"This is so hard. Adoption is SO HARD."
Sometimes (and I can't lie), I wonder why we ever did this to our family. Why put ourselves through the paperwork, the money, the time, THE WAIT - oh the wait, the heartache, the tears, the fear and the pain. We could have continued down the path we were on - 2 kids, getting pregnant again (that happened quickly for me) and going on our merry little way. But God just slammed my heart with the word ADOPTION and ever since then, life has been HARD.
But is life ever really easy? There are financial burdens, illnesses, relationship issues and parenting fails no matter what we do. We can choose a mundane predictable hard life or a Spirit-filled adventurous hard life. I choose the latter and I think that's what this family chose too:
I guarantee you that life is not easy for them, but how fulfilling and exciting it must be!
The hard is what gives us character.
The hard gives us strength.
The hard makes you appreciate the outcome so much more.
The hard brings us closer to God.
The hard makes us more like Jesus.
Jesus, by no means, had what you would call a mundane predictable hard life. It was Spirit-filled and adventurous. If we are to be like him, what does this look like?
It means not living with a spirit of fear. It means saying YES when God calls you to something hard. It means realizing that life is hard but you choose to live a meaningful hard life instead of a mundane one.

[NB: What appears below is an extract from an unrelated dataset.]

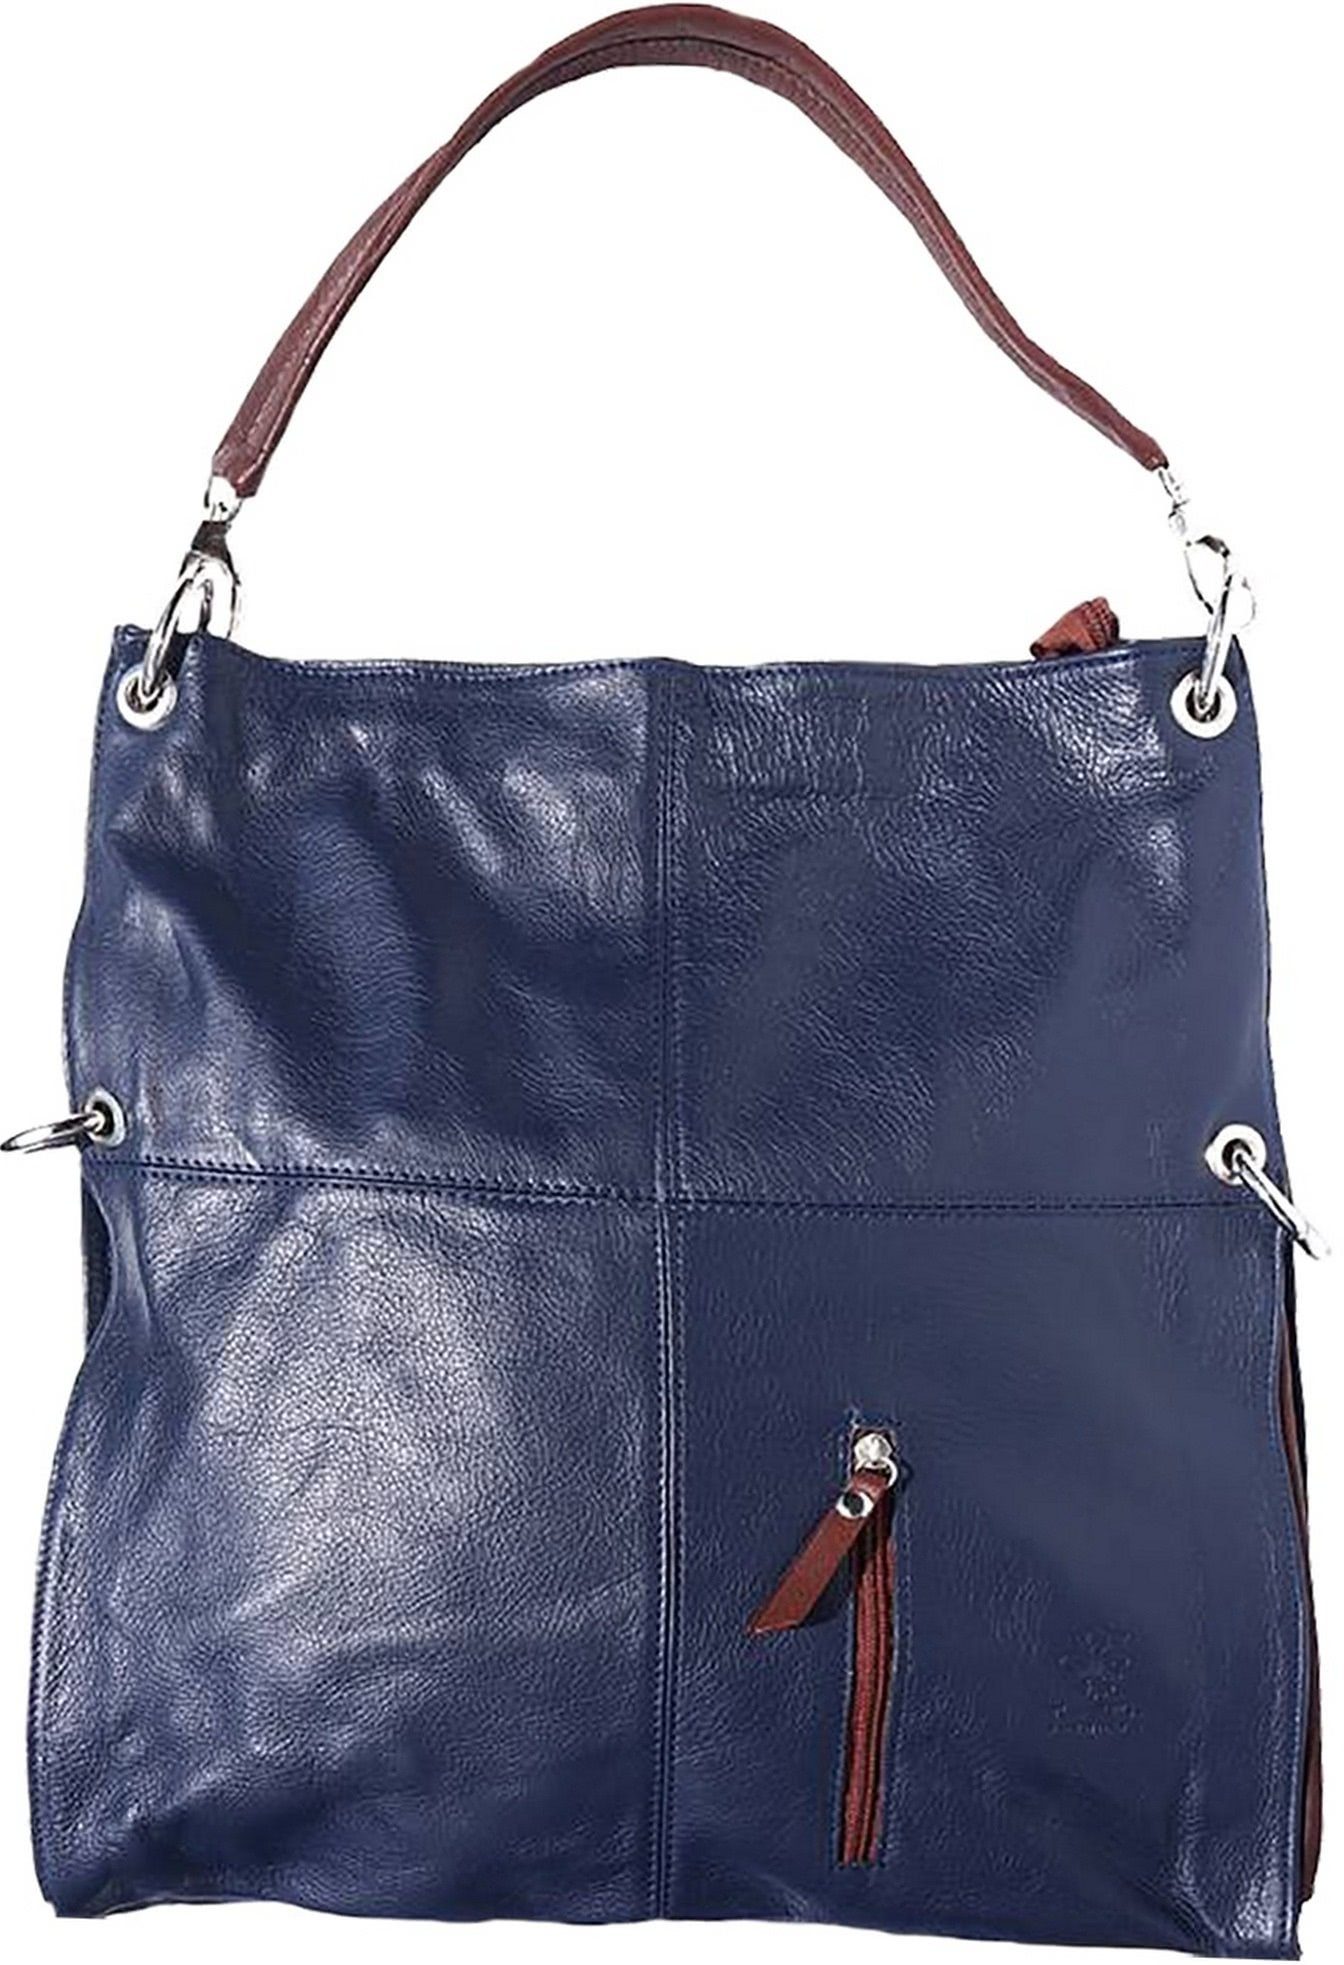 FLORENCE Schultertasche »Florence Hobo Bag Echtleder Handtasche«, Damen  Tasche aus Echtleder in blau, braun, ca. 37cm Breite, Made-In Italy

I can tear up just thinking about what our life would have been like if we hadn't said YES to adoption. How could we have missed out on this beautiful little girl? How could we have continued on our merry little way while all around the world millions of children go to bed every night without a mommy or daddy to tuck them in? That is a tragedy. How could we have missed out on the spiritual growth? How could we have missed out on the impact this adoption has had on our boys? I pray that it alters the course of their whole lives...that caring for the "least of these" is just what you do.

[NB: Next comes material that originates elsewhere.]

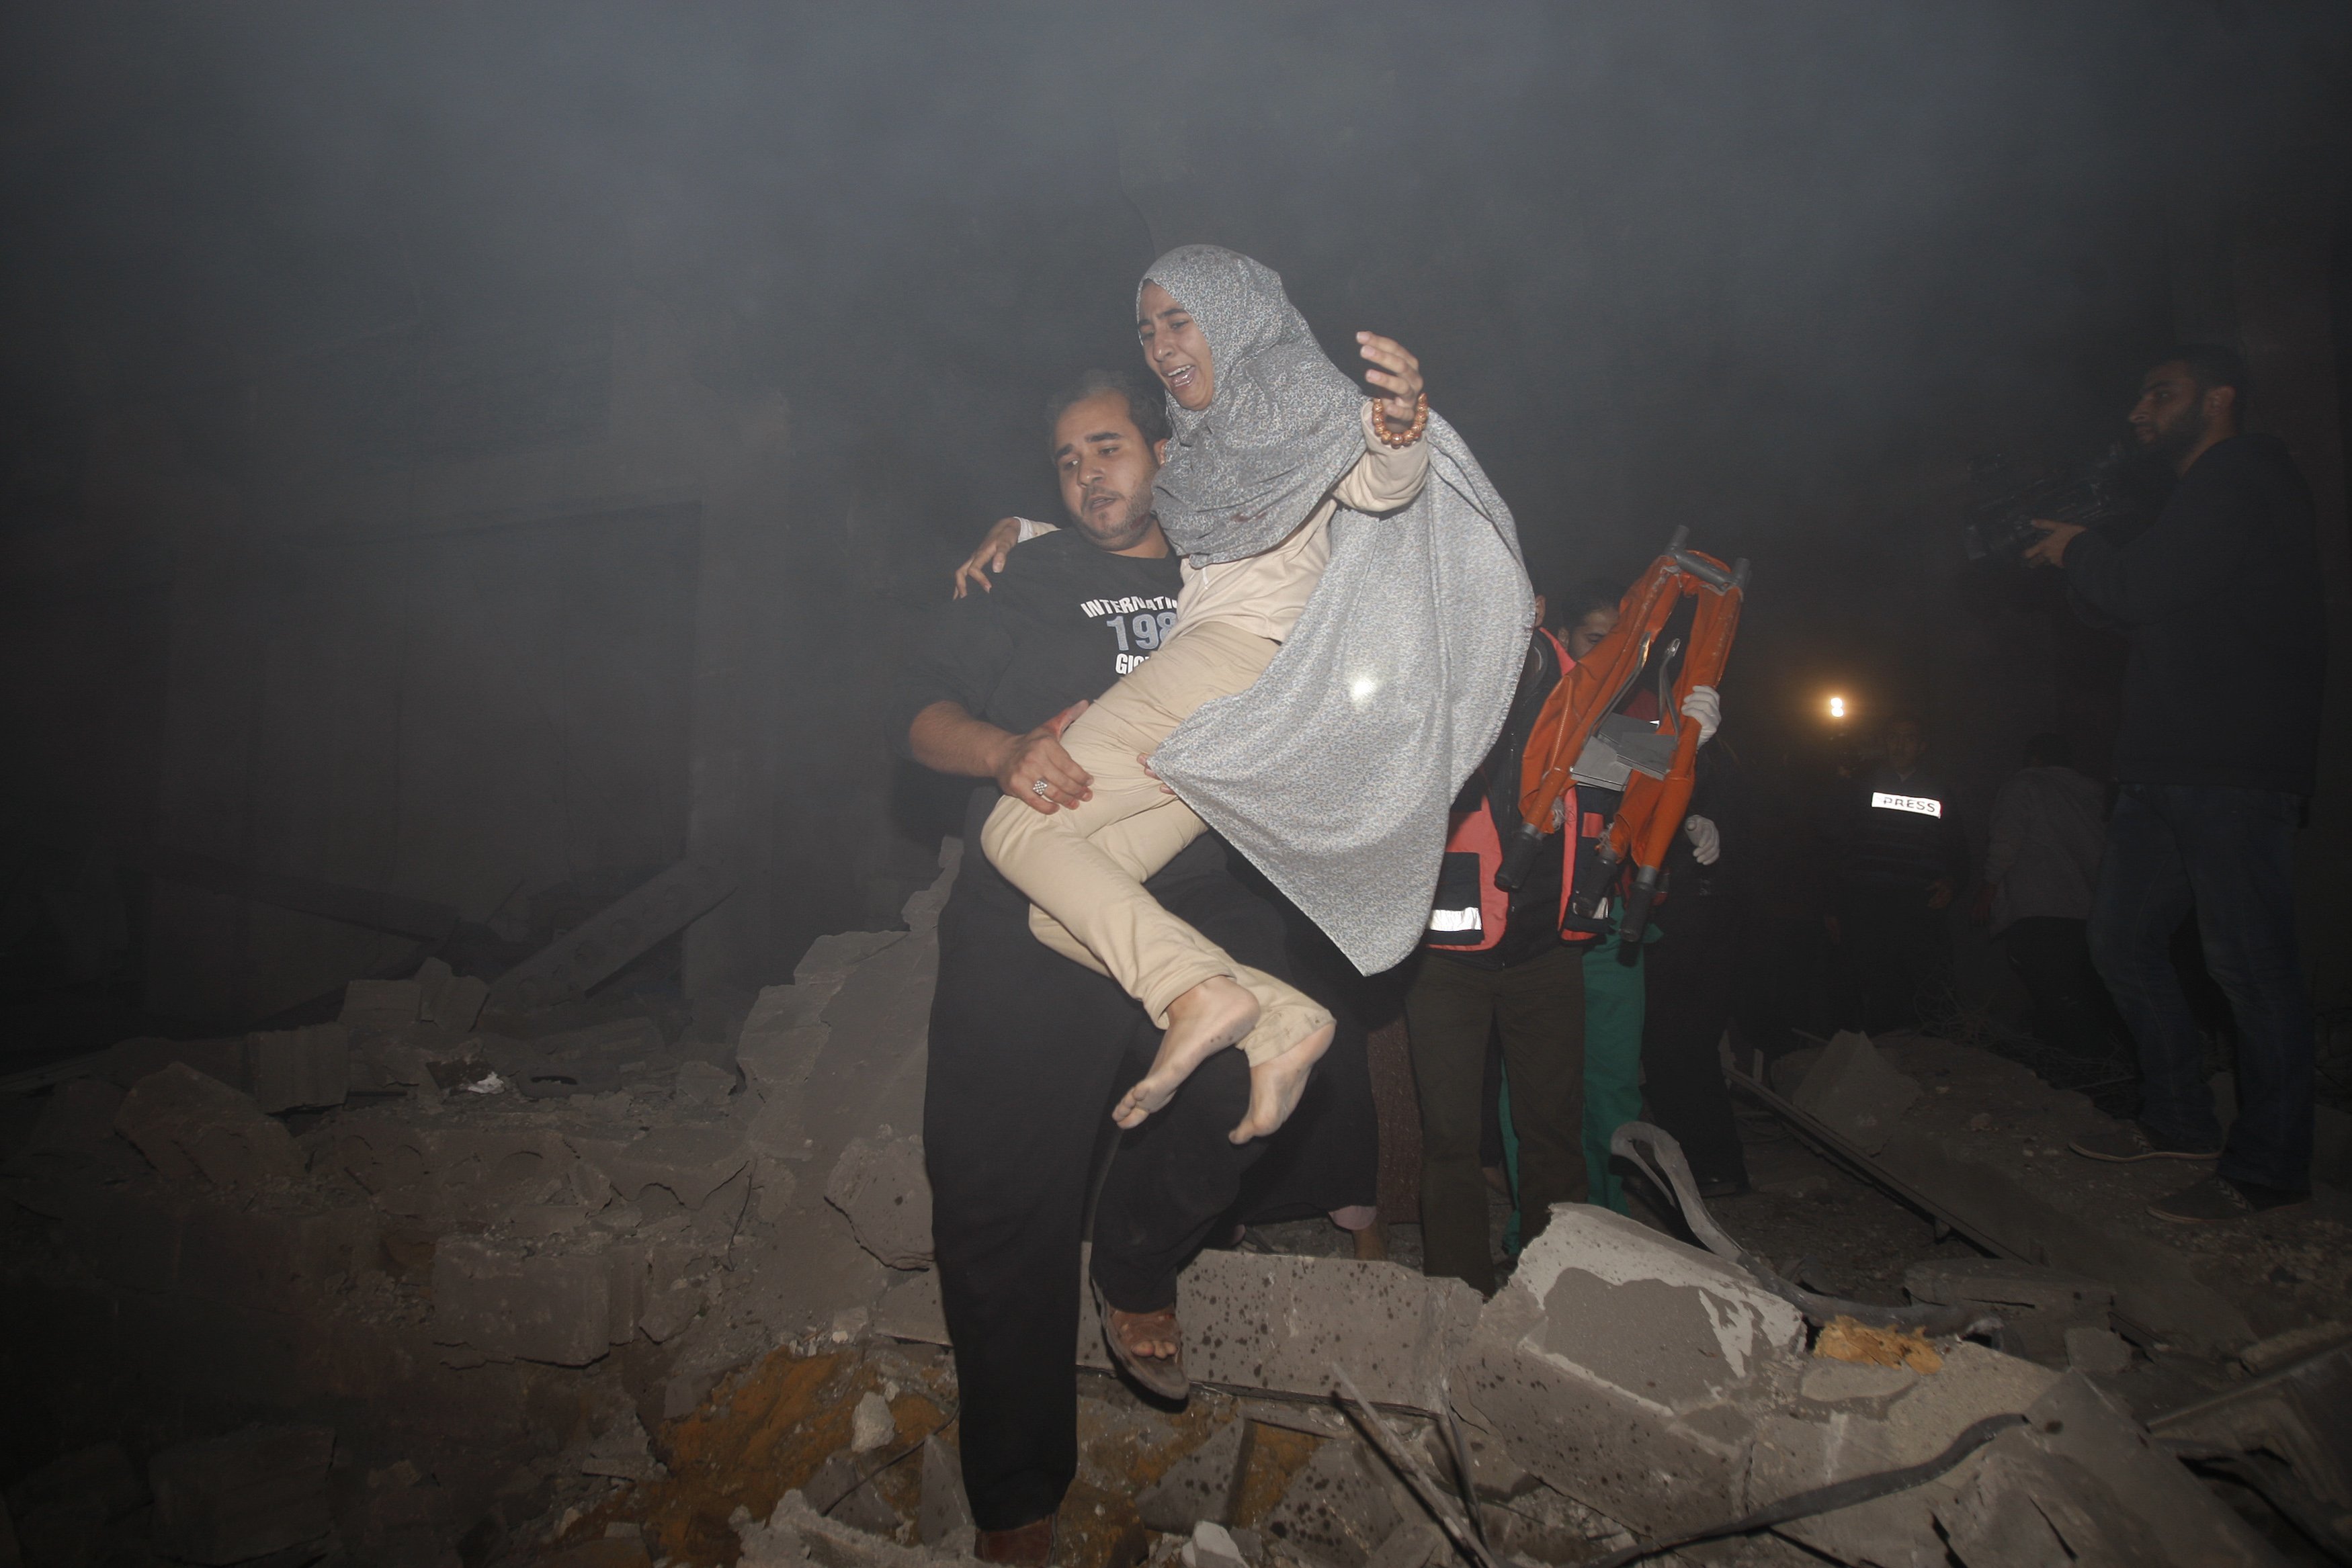 Ο πόλεμος μέσα από τα μάτια των ανθρώπων! Νεκρά βρέφη και τρομαγμένοι πολίτες της Παλαιστίνης και του Ισραήλ την ώρα των βομβαρδισμών

I am not naive to think that adopting one child is going to solve the orphan crisis or even put a dent in it. It is so complex. I pray that our eyes are opened to more that we can do. We don't have all the answers. We are just stumbling down the path God called us to and holding on to His hand. At times it is frightening.
What is God calling you to do? Are you afraid to step out in faith because it might be hard? Hard does not equal bad as I used to think. I pray that we as followers of Jesus don't shy away from the hard and choose the comfortable. In doing so we miss out on the blessings God will rain down on us as we trust Him completely.